Here is a scenario that has chances of materializing: while Israel is busy with its elections, and the US is primarily dealing with the risk of the fiscal cliff at the start of 2013, Iran is currently accelerating its nuclear program. The centrifuges are working at top speeds to enrich uranium. This might not necessarily remain the case - no one in the West would be surprised if next spring, just as the US tries consolidating a coalition to intensify the economic sanctions imposed on Iran (again), Iran would unilaterally announce that it is halting the enrichment process. If this happens, it would not constitute a surrender on Iran’s part, but rather progression according to a pre-prepared plan.
By the spring of 2013, Iran will already possess more than 200 kilograms of enriched uranium, which could be suitable for use in a nuclear bomb (a base of 20% enrichment), a fine quantity. Iran will be able to complete the rest of the planned enrichment process at its own rate, in secret, far from the eyes of the UN inspectors. At the same time, it will be able to conclude the development of the detonator for the nuclear bomb, as well as the adaptation of the future bomb to a launch measure. This includes the conclusion of the Iranian program for developing cruise missiles, based on former Soviet missile technology acquired in the past decade in Ukraine. From this point onwards, Iran will also be able to choose the time at which it will announce the nuclear weapon in its possession.
In recent years, when Israel has spoken of how Iran must be stopped from becoming a ‘threshold state’, this situation is exactly what was being referred to. However, talks did not help, and Iran is on its way there. It's reasonable to assume that Meir Dagan, who is recovering from surgery he underwent in Belarus, had good reasons for his staunch objections against the possibility that Israel will attack the Iranian nuclear facilities on its own. As head of the Mossad, he had access to information that only he and the prime minister knew. What was this information? Either way, Dagan was not alone in opposing an attack.
Former IDF Chief of Staff Gabi Ashkenazi and head of Shabak Yuval Diskin also sided with him. One of Ashkenazi’s closest aids, who also opposed an Israeli assault in Iran without US coordination was the late Amnon Lipkin-Shahak, former IDF chief of staff, who was laid to rest on Thursday.
Mishaps of Pillar of Defense
Another issue that is deeply troubling the IDF are the faults that were revealed in the examinations into operation Pillar of Defense.

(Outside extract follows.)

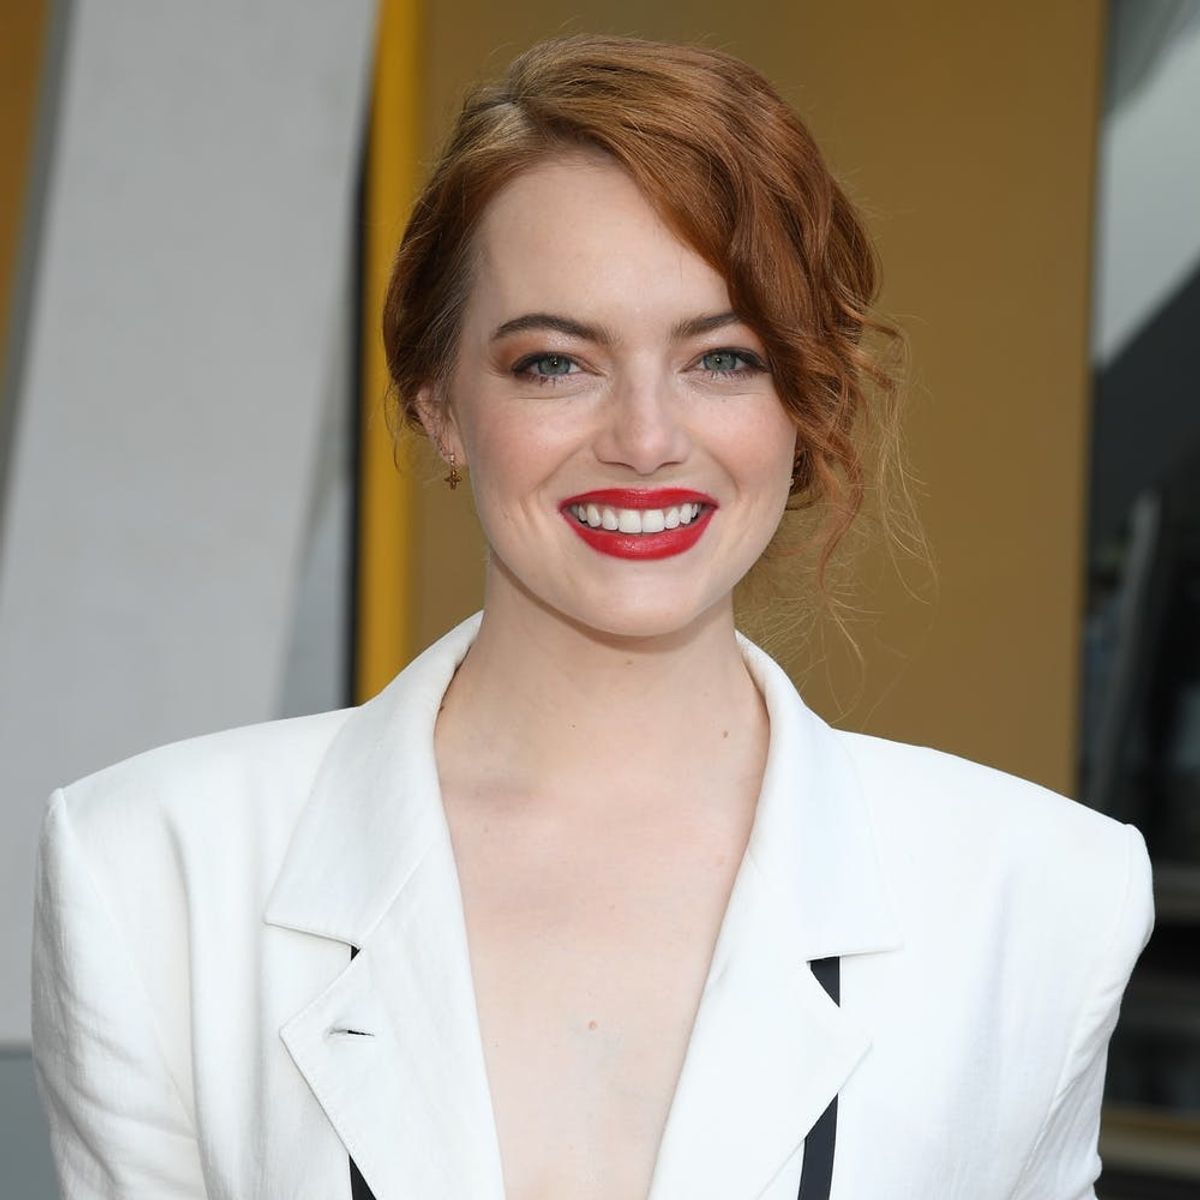 Emma Stone Reveals How Her Hopes and Dreams Have Changed as She Approaches 30

Nearly a month after the end of the operation, the examinations at the brigade and battalion levels have been completed, and a general staff examination is about to be conducted in several days. As with any operation or exercise, an in-depth investigation reveals countless mishaps. In the case of Pillar of Defense, one of the grave mishaps stood out in a noticeable manner during the days of the operation – the gathering of thousands of reserve soldiers in areas that were exposed to the fire launched from the Gaza Strip.
This was not the only failure, and there were, of course, positive lessons (such as the supplies that the reservists received). However, it is doubtful if the general staff examination will point explicitly to the main problem of Pillar of Defense: one month later, it seems that the operation contributed towards weakening the Israeli deterrence against Hamas and the Palestinians more than towards strengthening it.
There has been total silence in the Gaza Strip since the end of the operation, yet there remains turmoil in the Judea and Samaria area, even if the number of violent events this week was relatively low.